◆ **YOUR GOAL**: Exclude the images, then return every line below exactly as written.

PROVIDED MATERIAL Start Marker

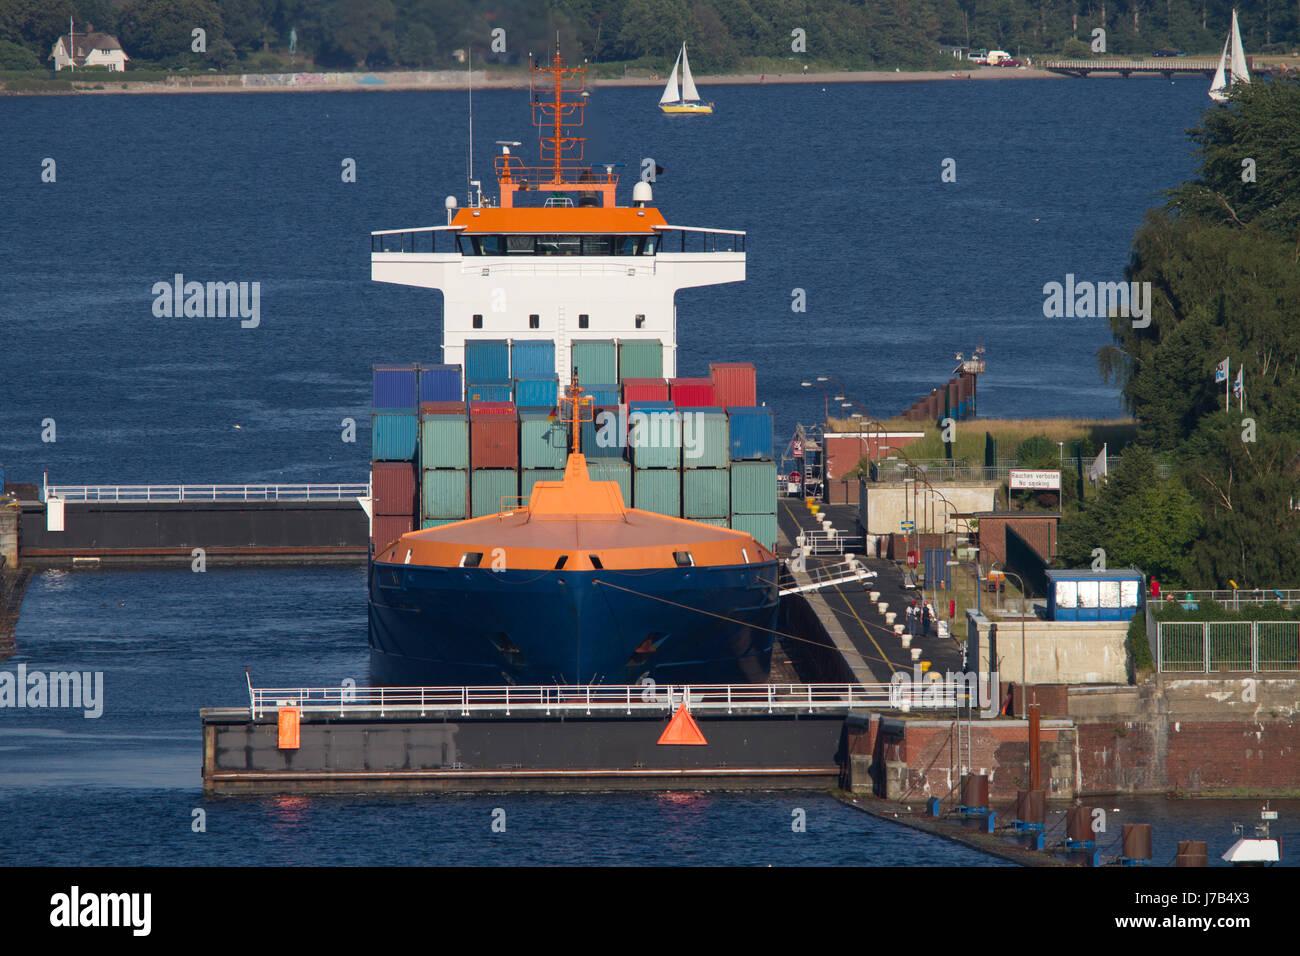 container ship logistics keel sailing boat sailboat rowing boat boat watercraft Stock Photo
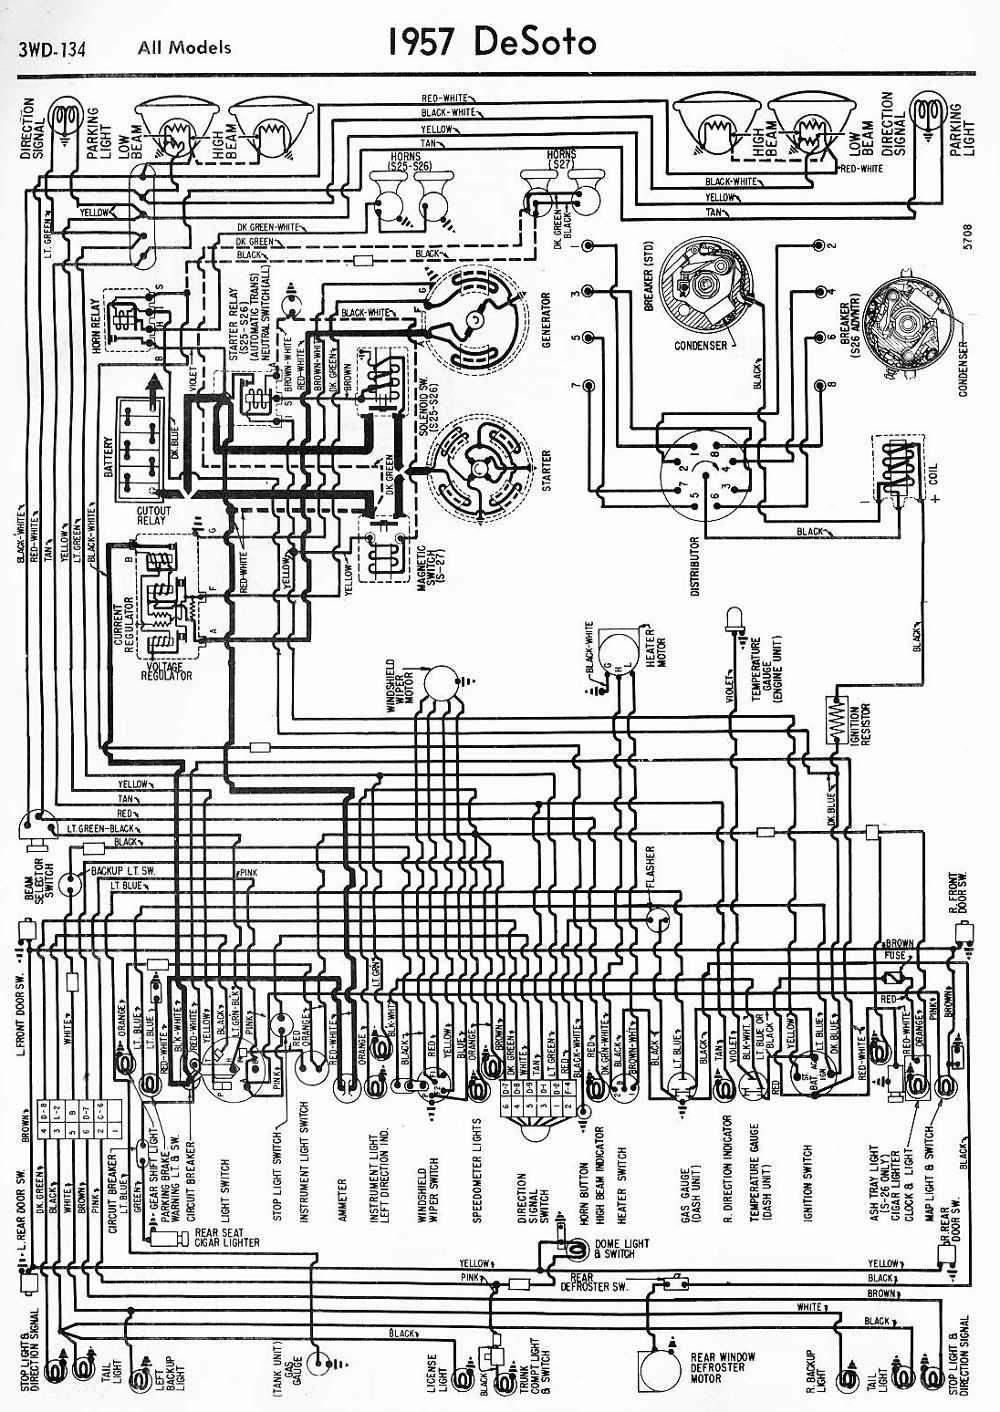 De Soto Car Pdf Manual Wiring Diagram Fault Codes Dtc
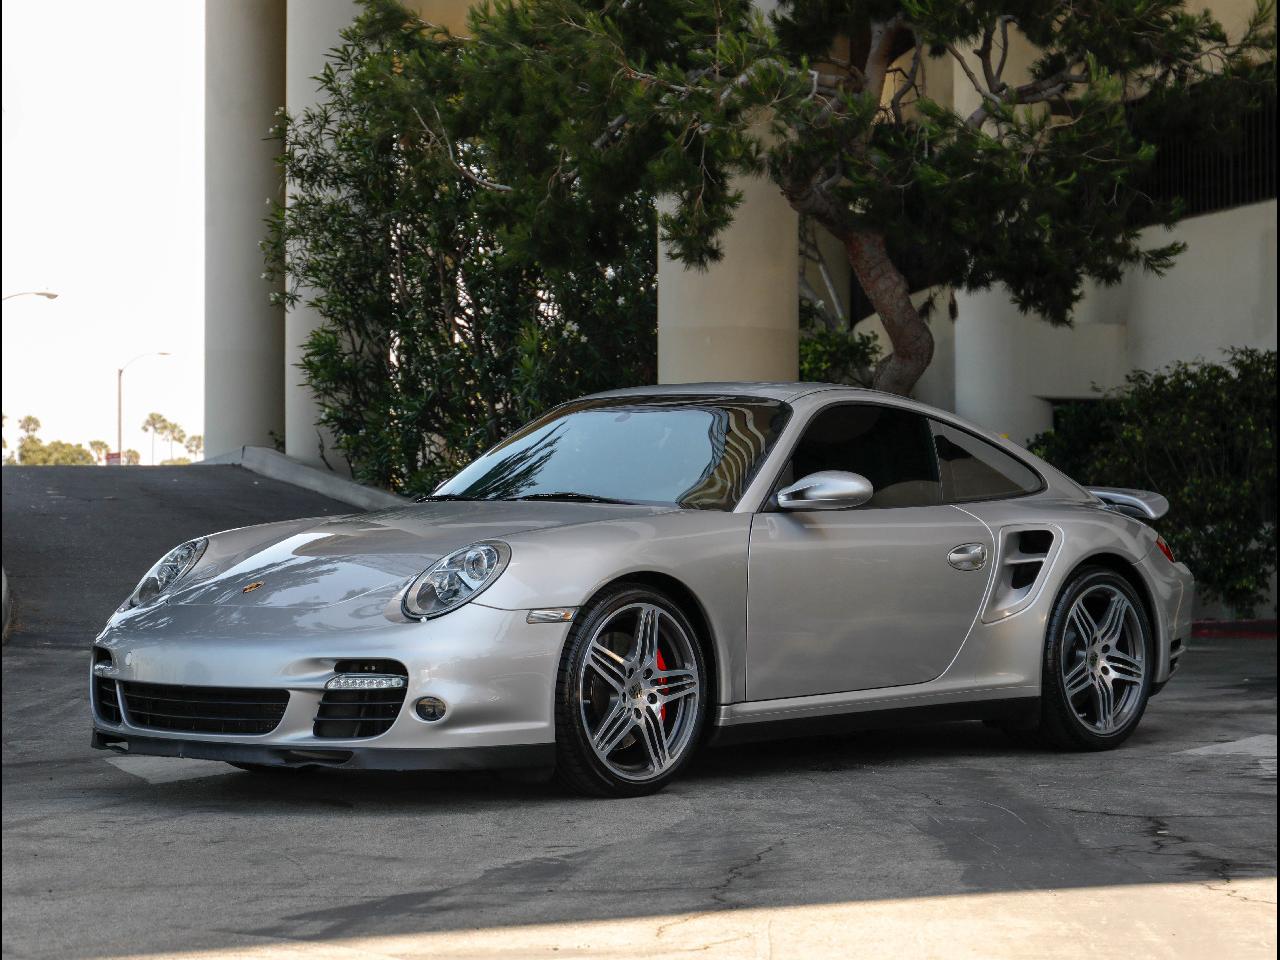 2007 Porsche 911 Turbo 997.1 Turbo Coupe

PROVIDED MATERIAL End Marker

◆ **RESPONSE FOR THIS EXERCISE**:
 container ship logistics keel sailing boat sailboat rowing boat boat watercraft Stock Photo
 De Soto Car Pdf Manual Wiring Diagram Fault Codes Dtc
 2007 Porsche 911 Turbo 997.1 Turbo Coupe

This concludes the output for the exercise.